Return an exact copy of the lines from the one holding "2015 Harley Davidson softail slim $8500 obo" to the end of the data, including both the starting and final lines. Leave the pictures out.

---------- Available data

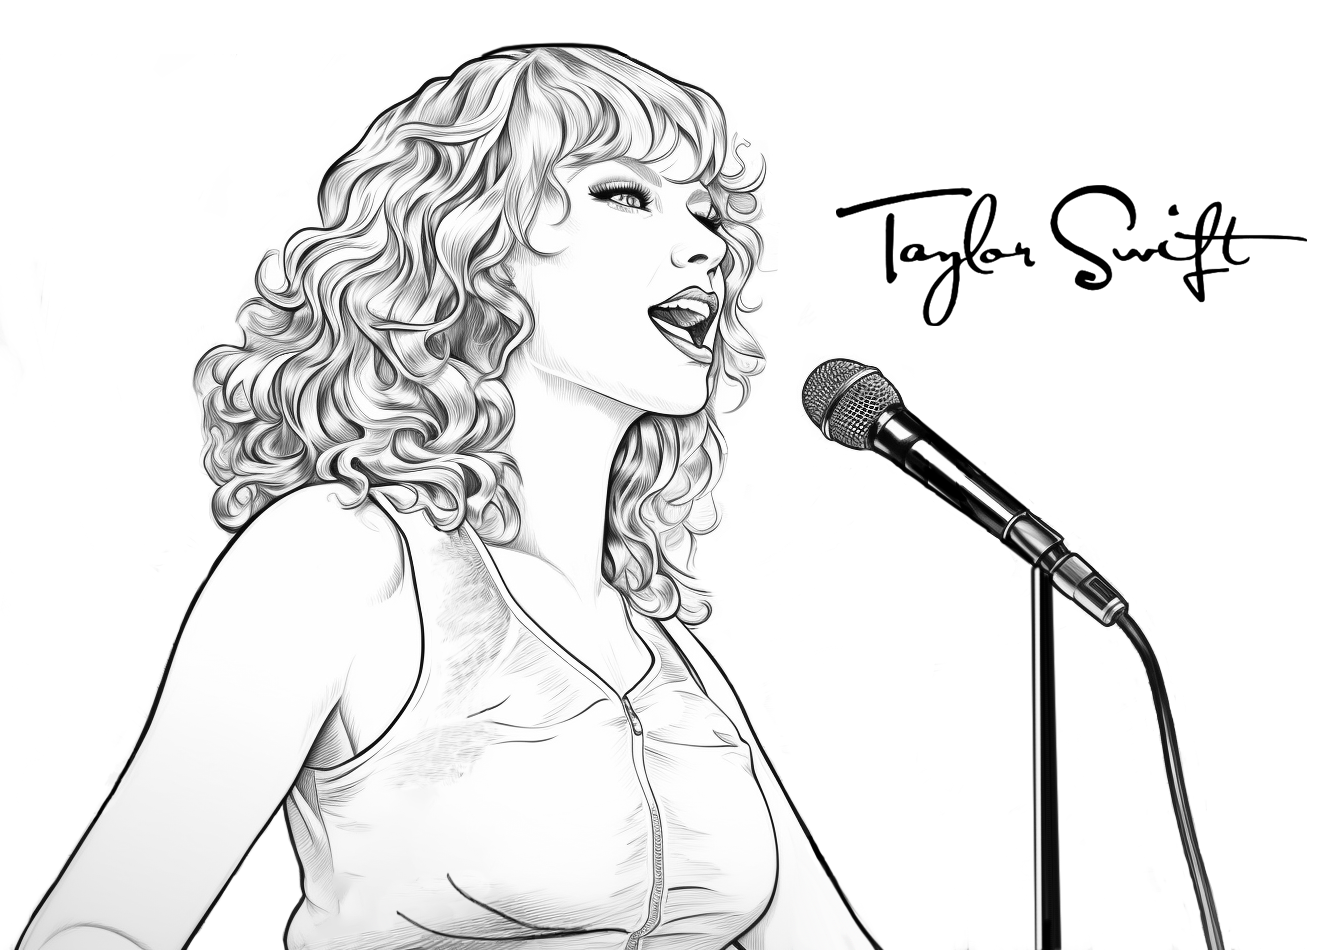 Dibujo en blanco y negro de Taylor Swift cantando delante del micrófono. Firma de Taylor Swift.
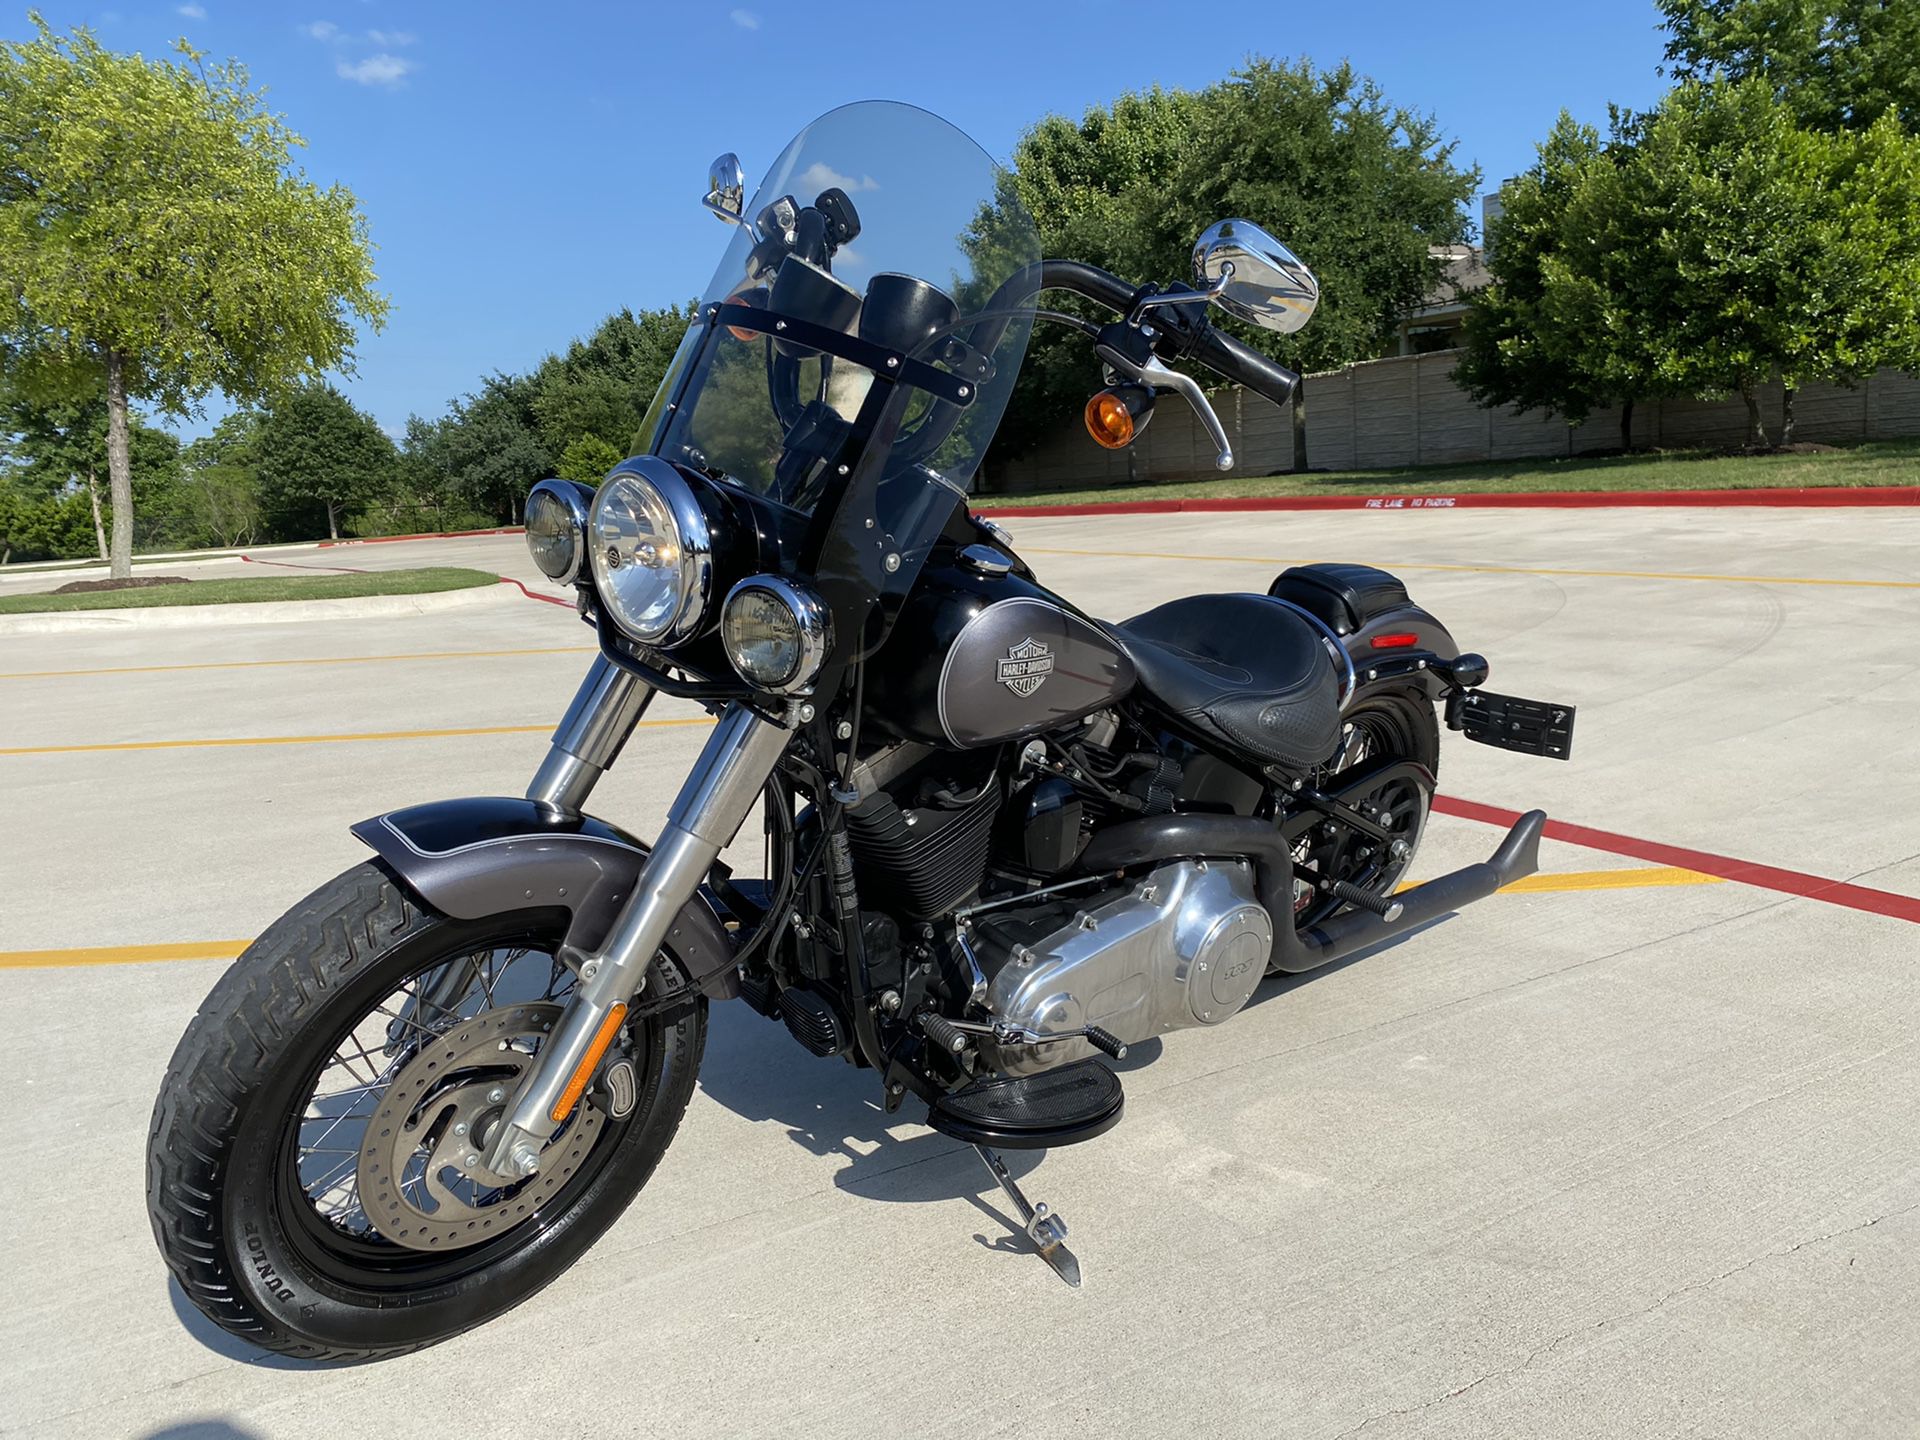 2015 Harley Davidson softail slim $8500 obo
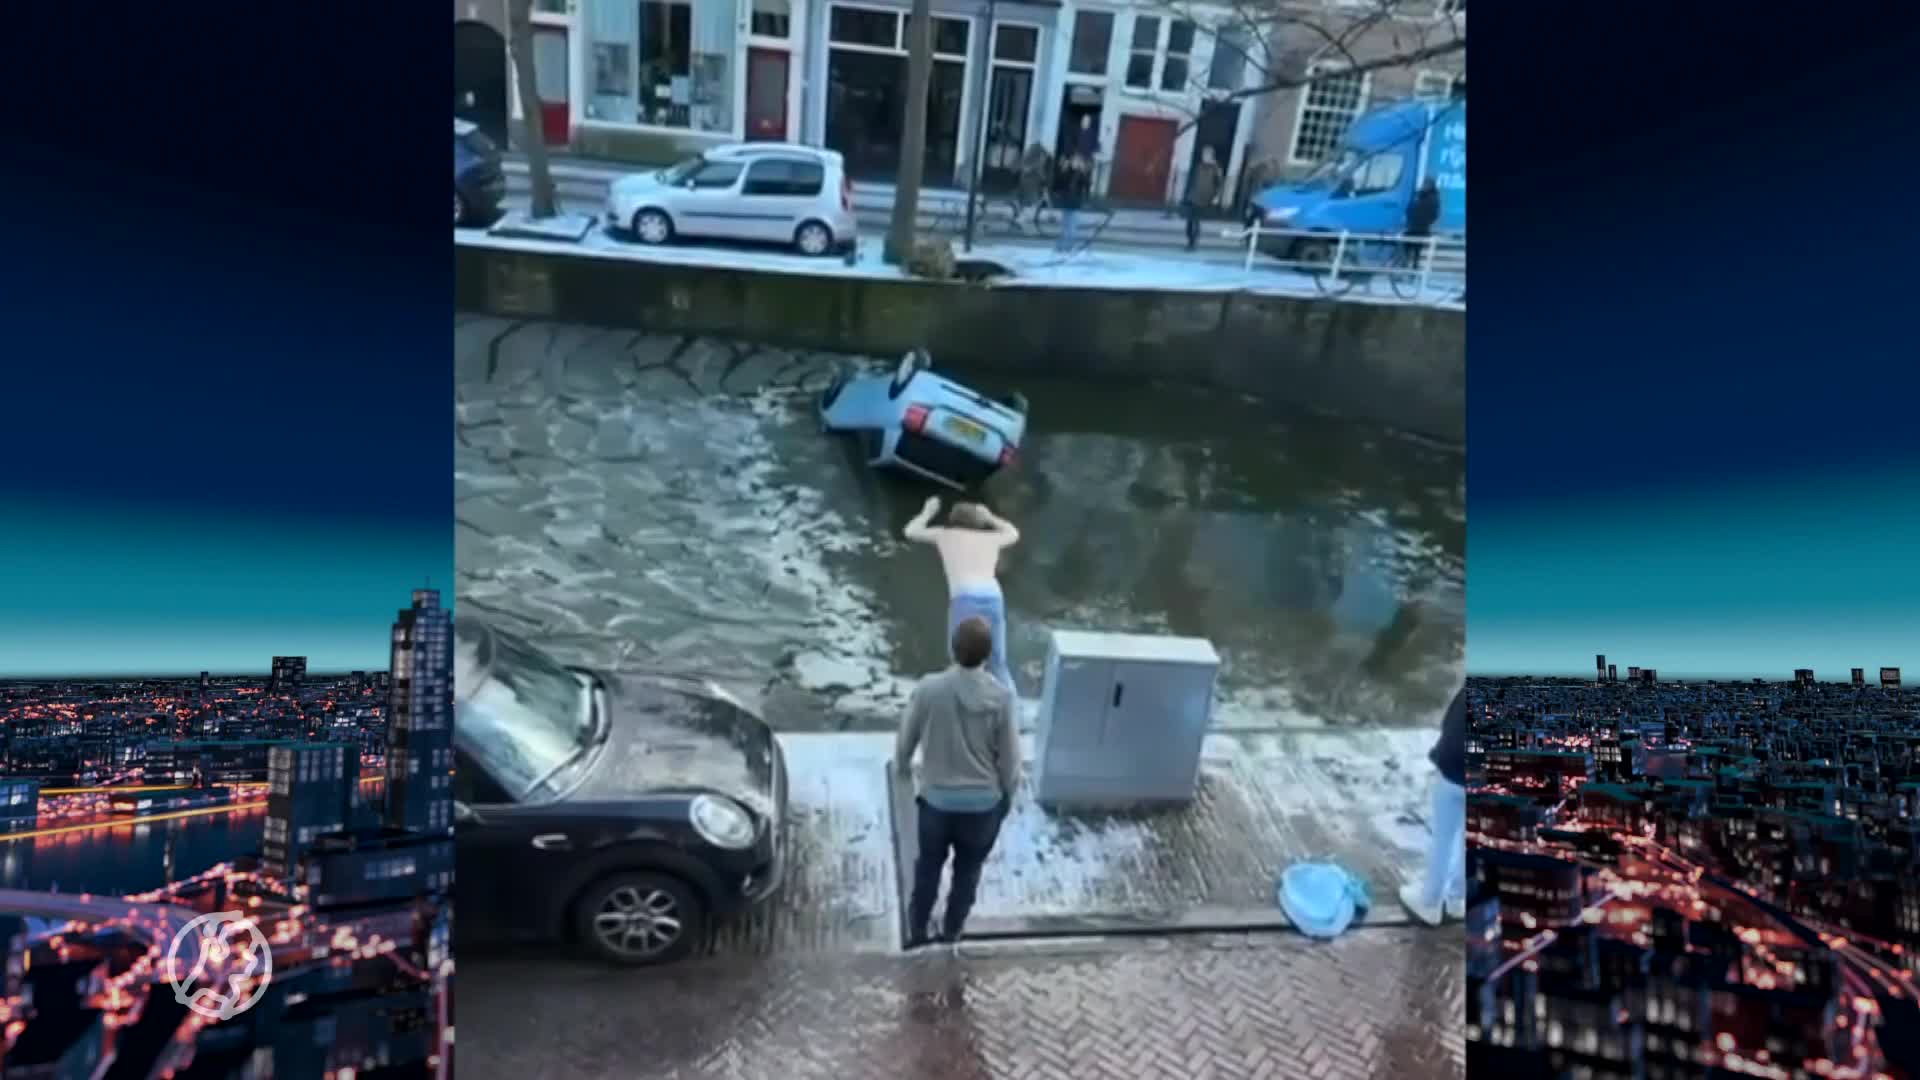 Student springt in ijskoud water in Delft om vrouw uit auto te redden

--------------------

* _Written response_
 2015 Harley Davidson softail slim $8500 obo
 Student springt in ijskoud water in Delft om vrouw uit auto te redden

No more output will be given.